> [Material provided]:

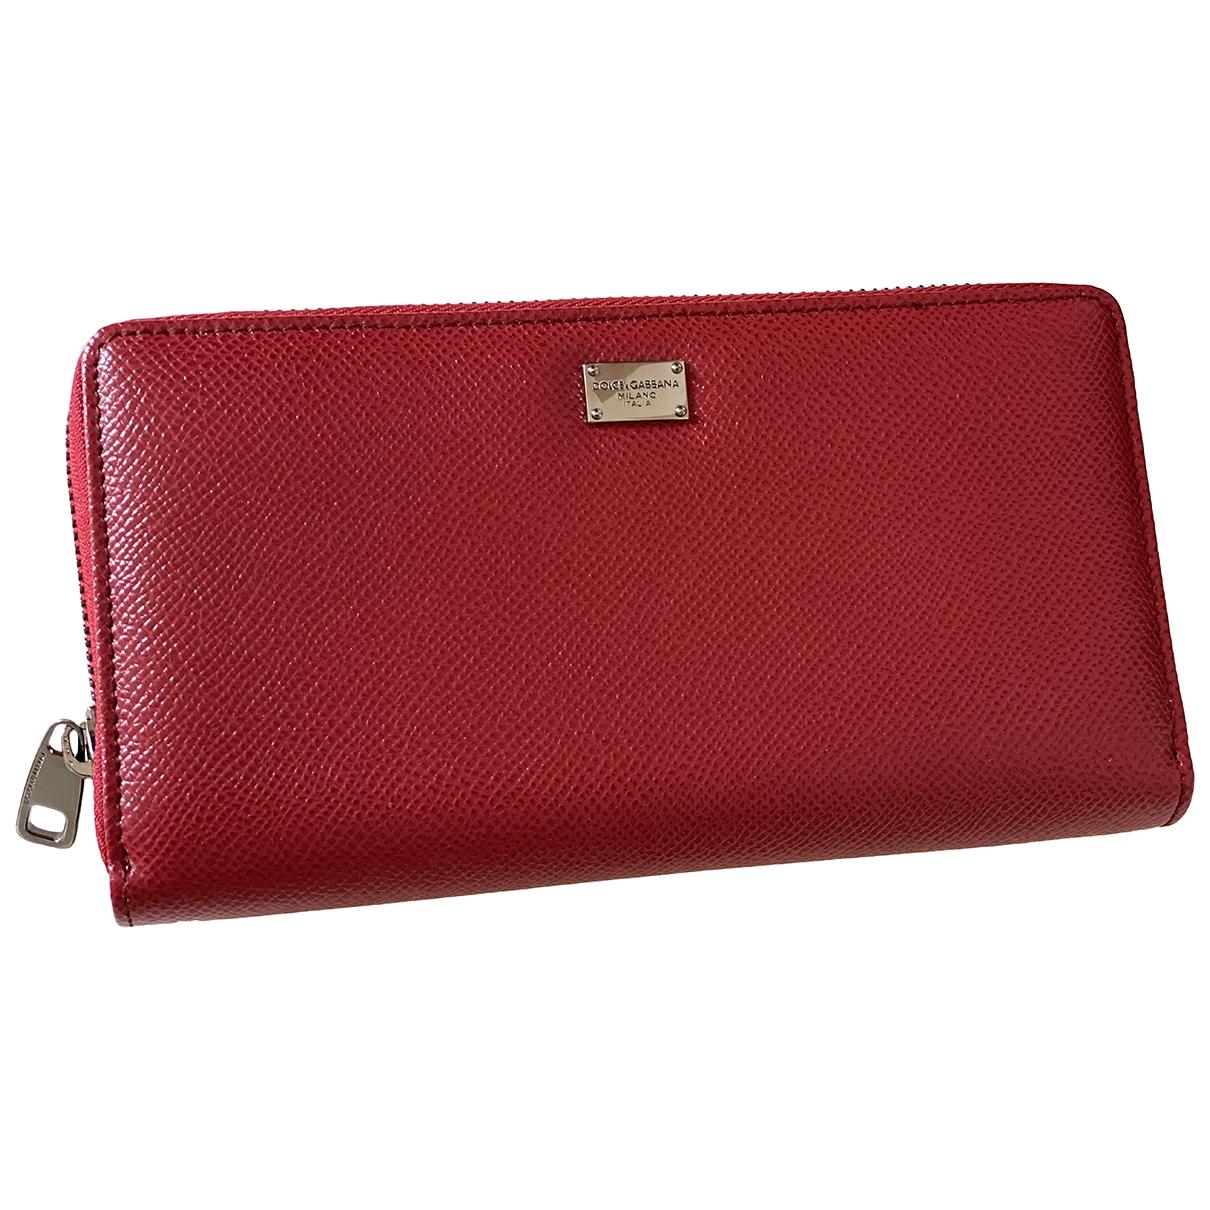 Dolce & Gabbana \N Portemonnaie in  Rot Leder
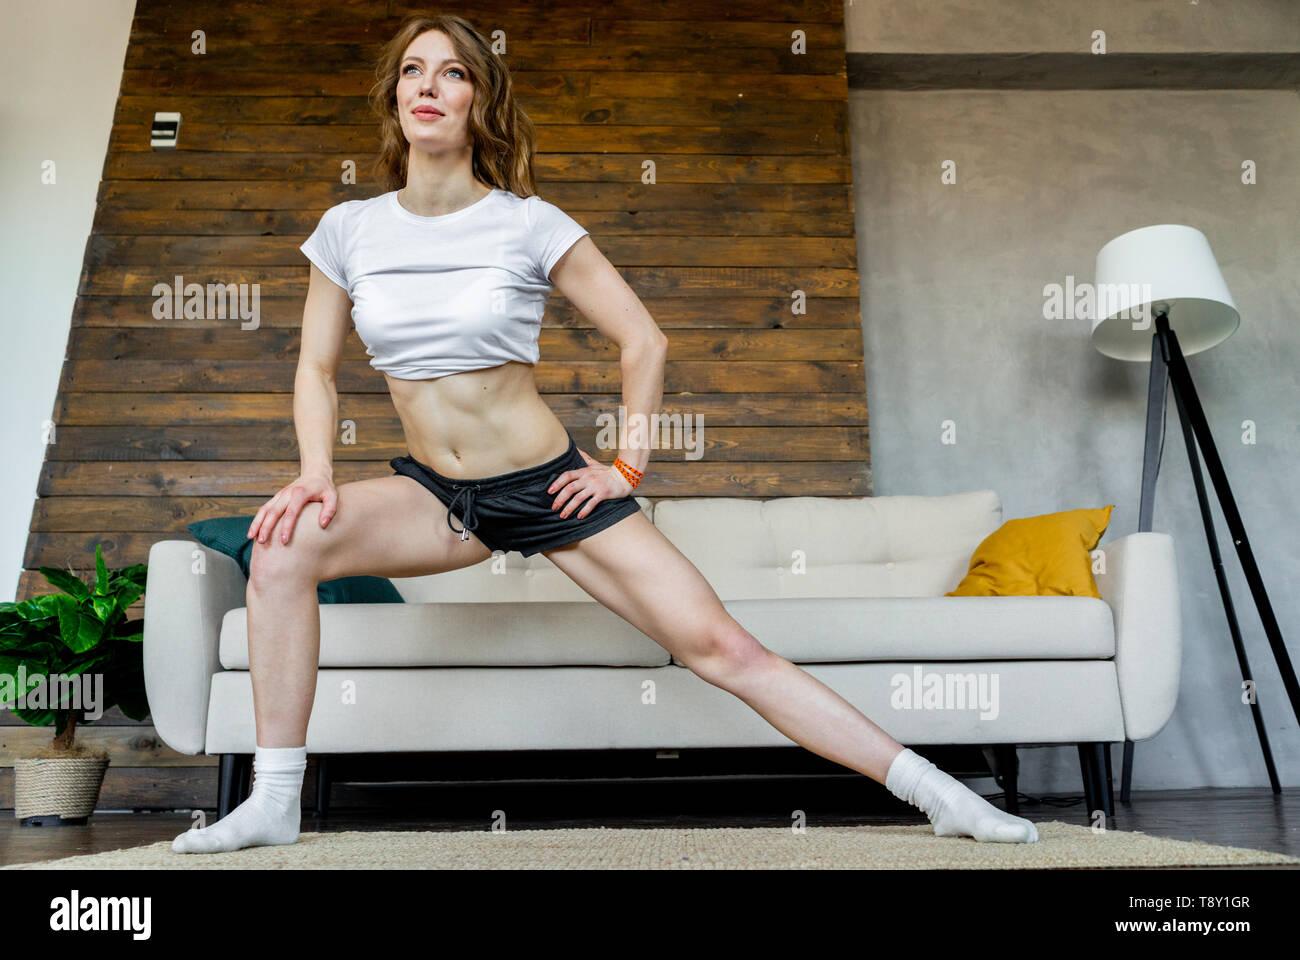 Junge blonde Frau zu tun stretching Yoga Übungen zu Hause. Gesunde Lebensweise. Stockfoto
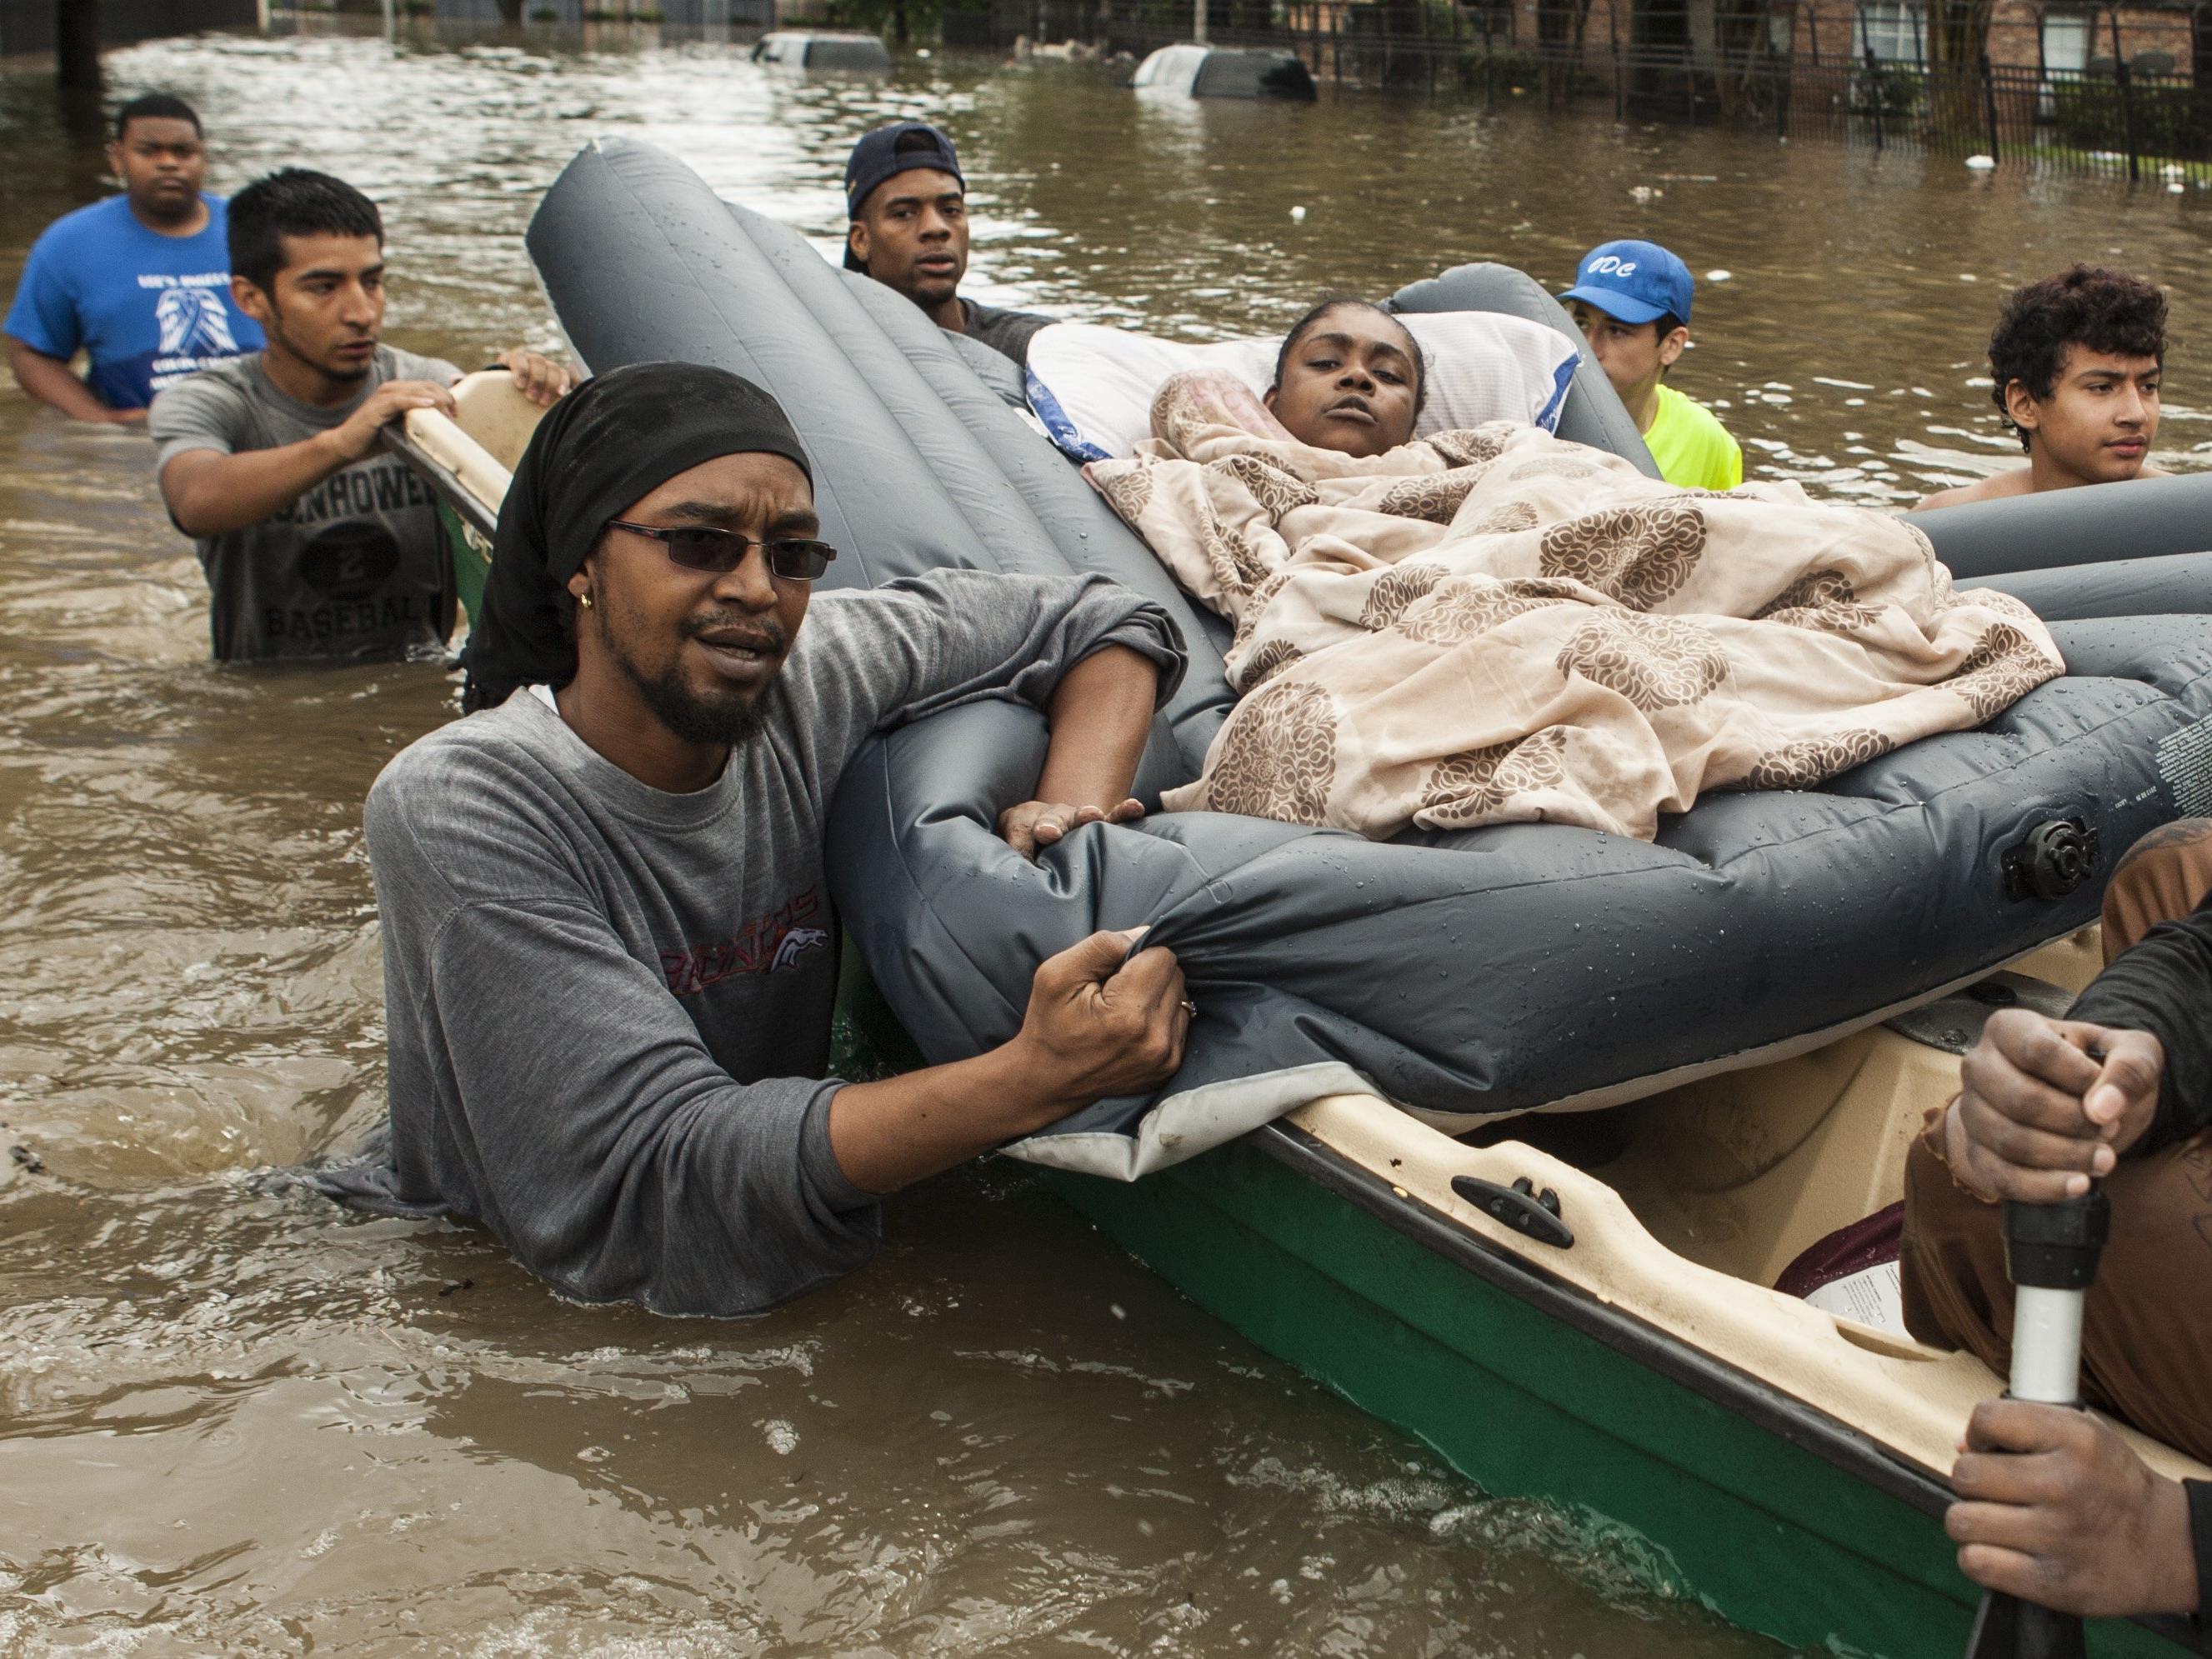 Eine Überschwemmung in Texas sorgte für Tote und Verletzte.

> [The problem]: Restate the full listing verbatim and drop every picture.

> [Reply to the task]:
 Dolce & Gabbana \N Portemonnaie in  Rot Leder
 Junge blonde Frau zu tun stretching Yoga Übungen zu Hause. Gesunde Lebensweise. Stockfoto
 Eine Überschwemmung in Texas sorgte für Tote und Verletzte.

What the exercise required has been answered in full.